__Aim of the task__
Take the line that contains "Toilet Paper Cakes" and each line after it to the end of the material below, and return them exactly, minus the pictures.

__Material provided__
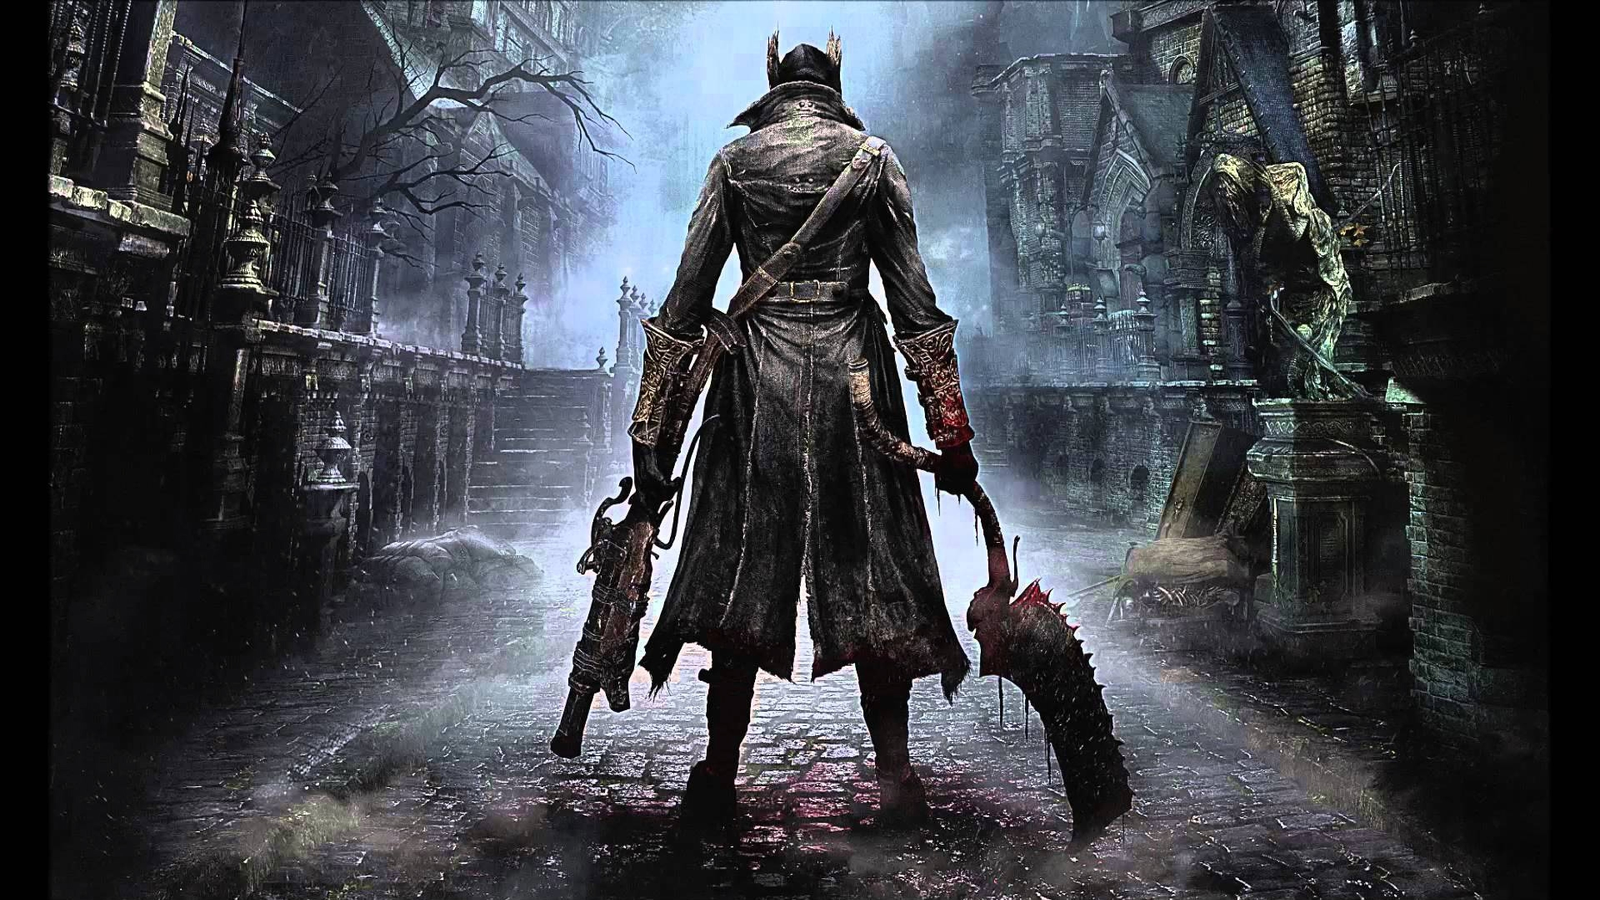 PS4-exclusive Bloodborne updated for PlayStation 5: All the
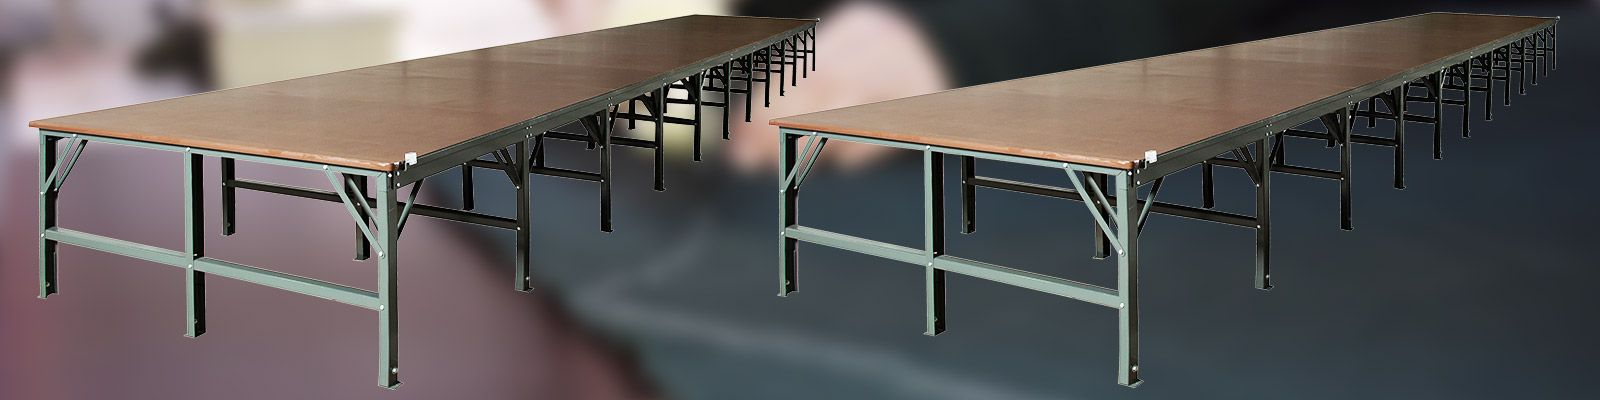 Export and Cutting Table Manufacturer in Gurgaon, Fabric Cutting Table Manufacturer in Gurgaon, Product Packaging Large Metal Table Manufacturer in Gurgaon, Best Quality Metal Table Fabrication Work in Gurgaon, Top Export Company Metal Table Manufacturer in Gurgaon
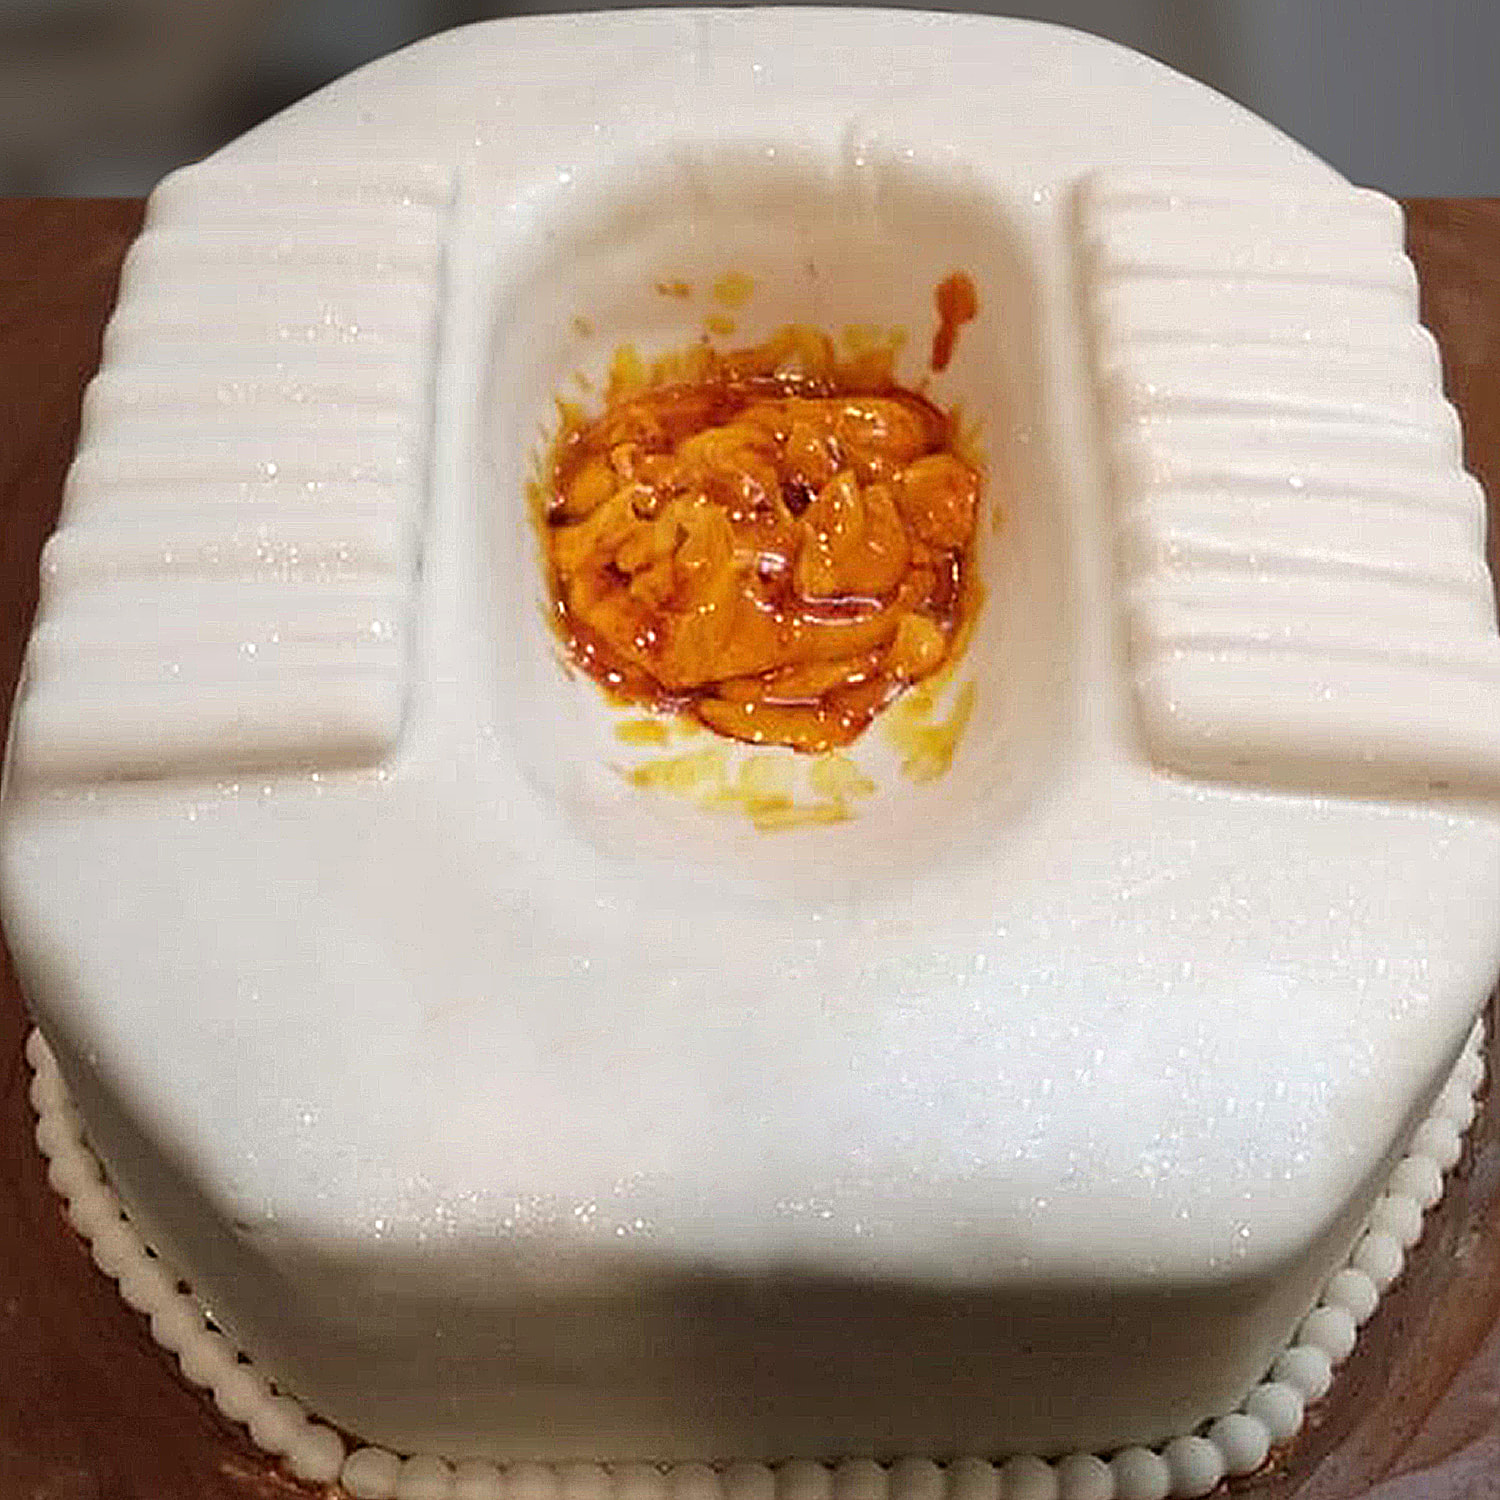 Toilet Paper Cakes Are Trending in the Hudson Valley During Self-Isolation
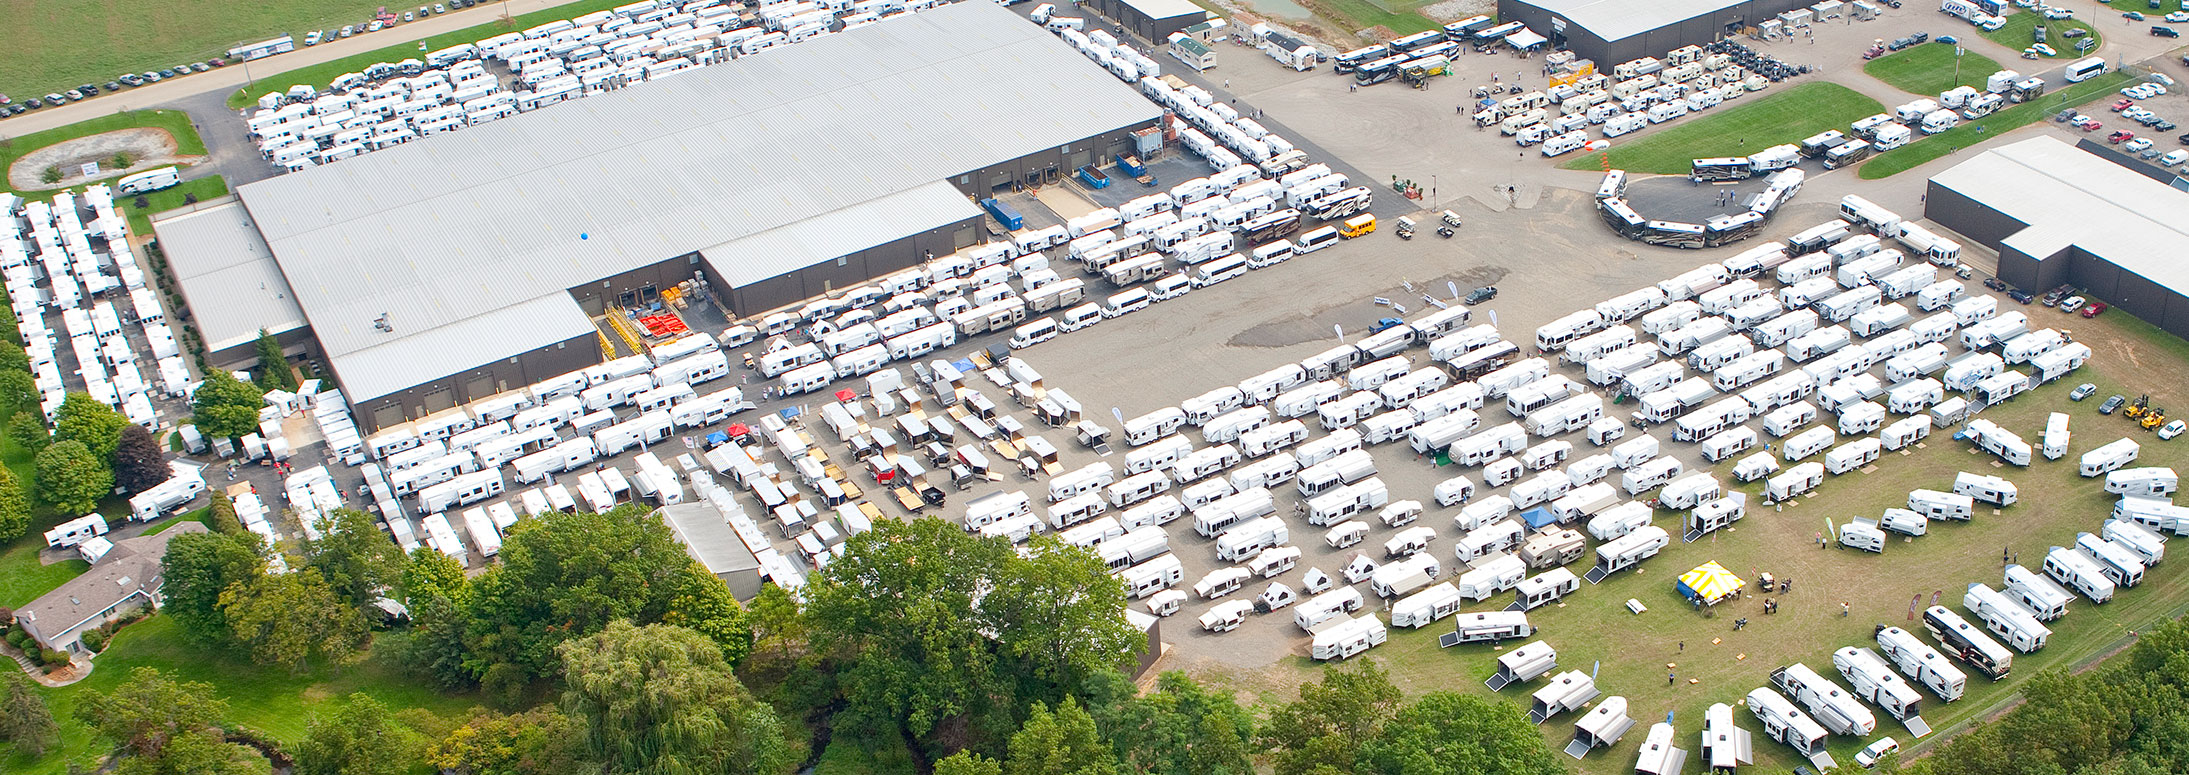 Aerial view of large recreational vehicle expo

__Solution to this exercise__
 Toilet Paper Cakes Are Trending in the Hudson Valley During Self-Isolation
 Aerial view of large recreational vehicle expo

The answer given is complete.